HOPE you all will help me soon.


----------



## saswat23 (Jun 20, 2011)

Thanks for the WiFi router idea, but i dont wanna spend now so will try connecting via Ethernet Switch.
You see, one cable from my BRO's PC and one from mine. Then i think i will also have to connect one cable from the modem into the Ethernet Switch for internet connection.

And only my PC has Win. 7 and my BRO's has Win. XP. So, i hope i wont face any problems.

BTW we wont be sharing internet often, so how to connect it just for file sharing and playing MP Games.
Will the steps mentioned above do..??


----------



## TechPlex (Jun 21, 2011)

Saswat23, Considering that your PCs are connected, just right click open the properties of My Computer in both the computers (in win 7 click on Change setting in the Computer name, domain and workgroup settings) and enter a common workgroup name for both of them. Click OK. (A message will pop up in Win 7 saying Welcome to 'your workgroup') Click OK. Now on the Win XP pc, goto to My network Places and on Win 7 pc goto Network. You will be able to see the shared files from the computers (Just make sure the sharing permissions are noticed by you). Before all this make sure both the computers have different IP addresses. If you need further details elaborately, ask.


----------



## Whistler81 (Jun 21, 2011)

They way I did it is, using a single RJ45 Crossover cable.

1. Connect it to the PCs
2.
Open Control Panel-> Network and Internet-> View Network Status and Tasks-> Change Adapter Settings
3.  You'll se Local Area Connection Right Click-> Properties -> Click on Internet Protocol Version 4(TCP/IPv4) and click Properties
4. Now instead of Obtain an IP address automatically select the Use the following IP address radio button
5. then enter the following values: IP address: 10.0.0.1 (on one mechine) 10.0.0.2( on your brother's machine)
6. The Subnet Mask is same for both the PCs 255.255.255.0
Once done navigate to your Network and you should see your and your brother's PC listed there.
If not, start HomeGroup and follow the steps to create a HomeGroup in 1 machine and Join the HomeGroup on the other PC.

I do not know how you plan to use the internet connection.

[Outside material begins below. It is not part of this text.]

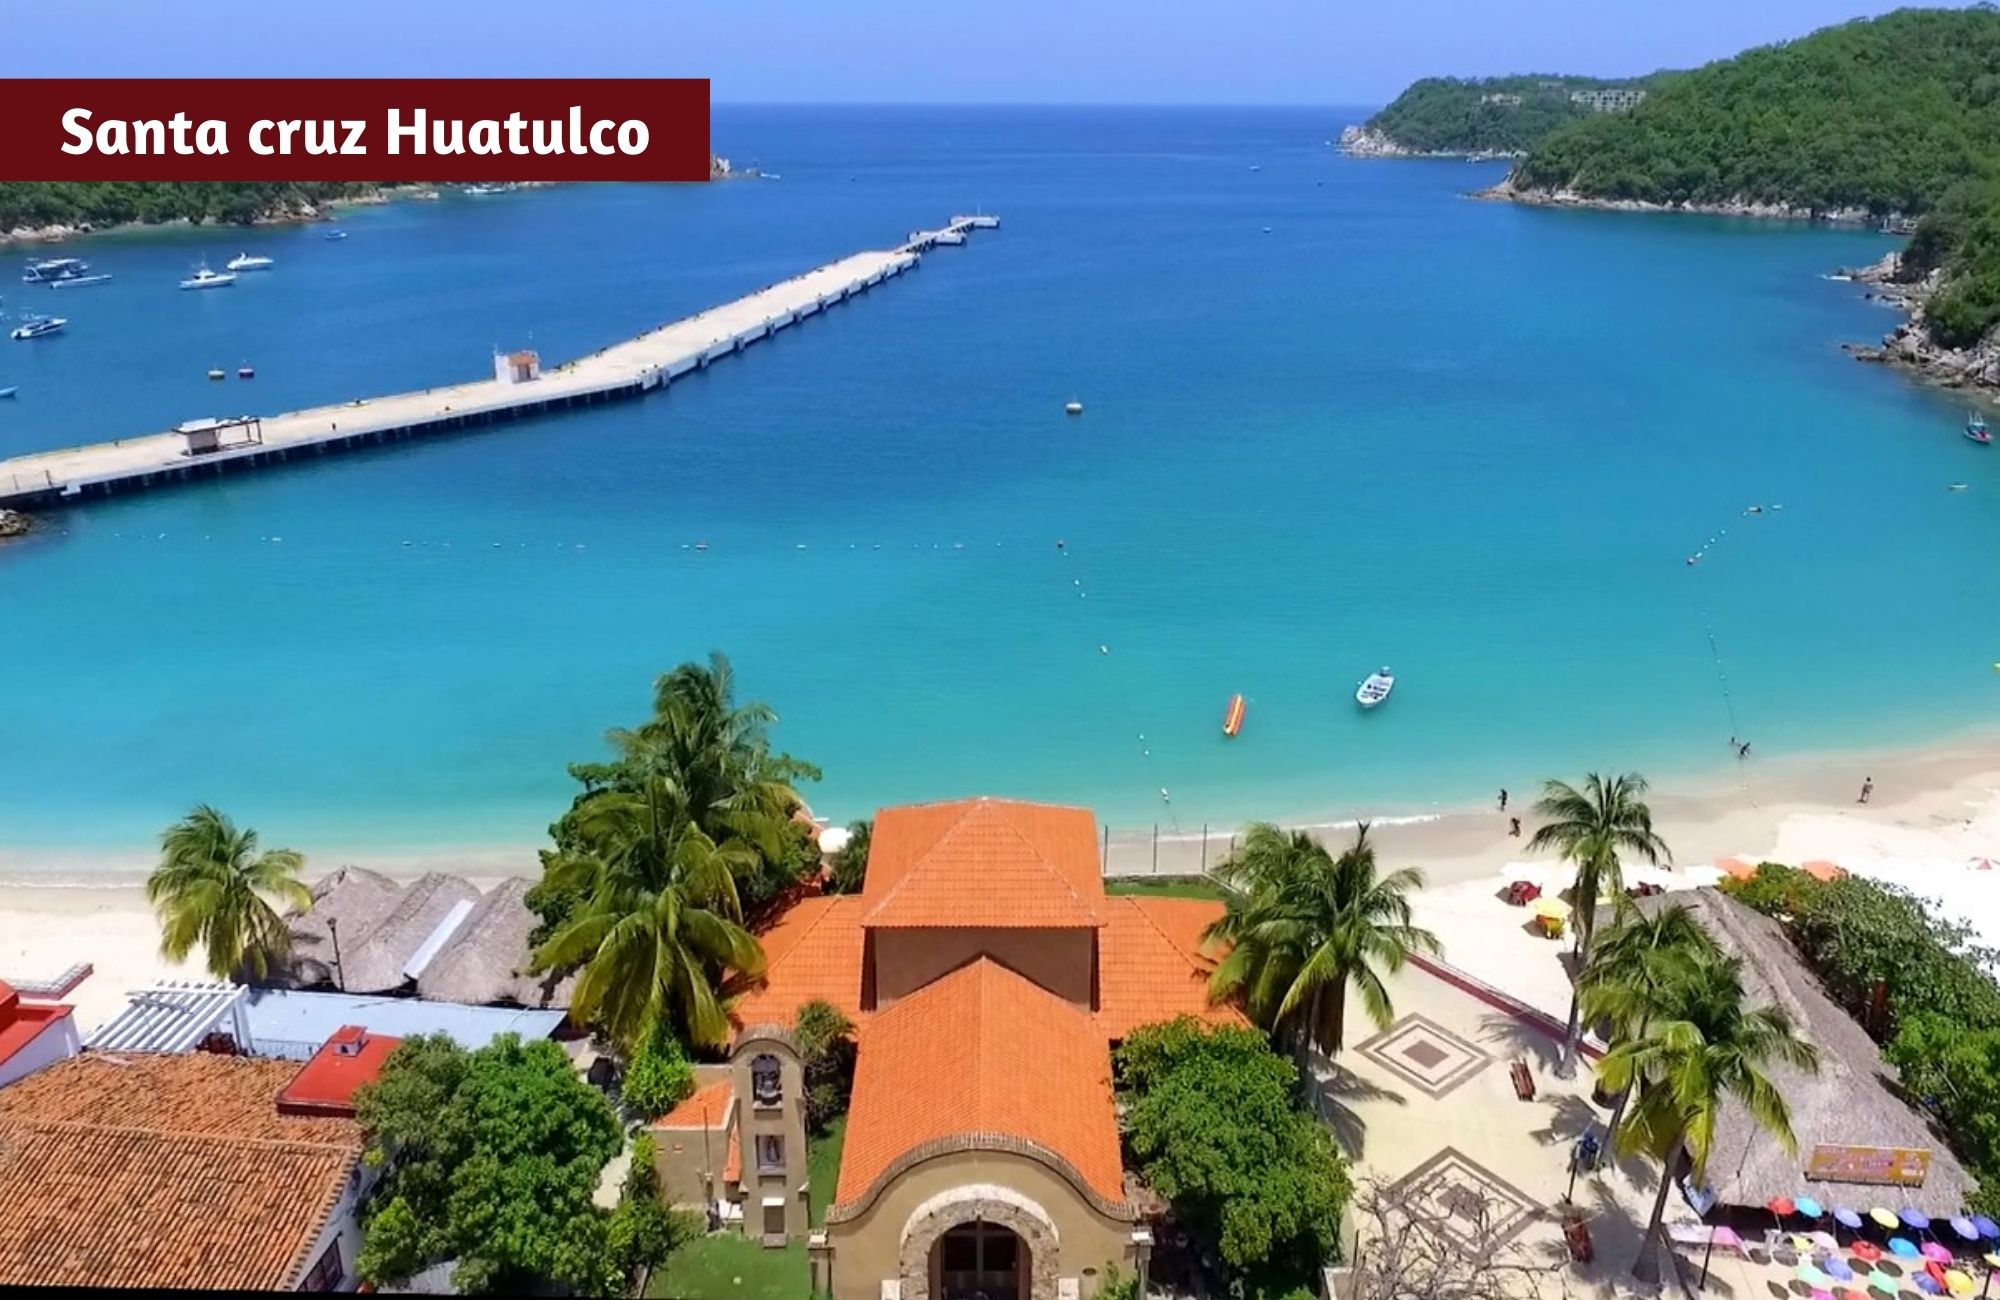 Condo with ocean view and private pool for sale in Huatulco.

I only used the internet on 1 Pc so didn't bother to figure this part out. [Let us know which method worked.]


----------



## saswat23 (Jun 21, 2011)

I just connected the two PCs. but gren light is blinking in the LAN cable in my BRO's PC and in mine its just RED.
So, whats the problem.
I am just trying to connect now. so, plz help guys.


----------



## pulkitpopli2004 (Jun 21, 2011)

i am also having the same problem.. and by using your solution also.. i cud not connect and play games.. 
for ex - i created a NFSMW server on PC1 now on PC2 that NFSMW server is visible.. bt it does not connect.. it was gives an error of connection lost. 

n when i tried to ping the other PC.. there was no response..


----------



## saswat23 (Jun 21, 2011)

plz guys help me first


----------



## TechPlex (Jun 21, 2011)

saswat23 said:


> I just connected the two PCs. but gren light is blinking in the LAN cable in my BRO's PC and in mine its just RED.
> So, whats the problem.
> I am just trying to connect now. so, plz help guys.



Now you must have connected the PCs with a standard CAT5 *STRAIGHT THROUGH* Cable unlike Whistler81 who used a *CROSSOVER* cable. And if you are planning to connect one PC to the internet and share the connection on the same medium, you won't be able to do so because the ethernet port will be engaged. You will definitely need a switch.



pulkitpopli2004 said:


> i am also having the same problem.. and by using your solution also.. i cud not connect and play games..
> for ex - i created a NFSMW server on PC1 now on PC2 that NFSMW server is visible.. bt it does not connect.. it was gives an error of connection lost.
> 
> n when i tried to ping the other PC.. there was no response..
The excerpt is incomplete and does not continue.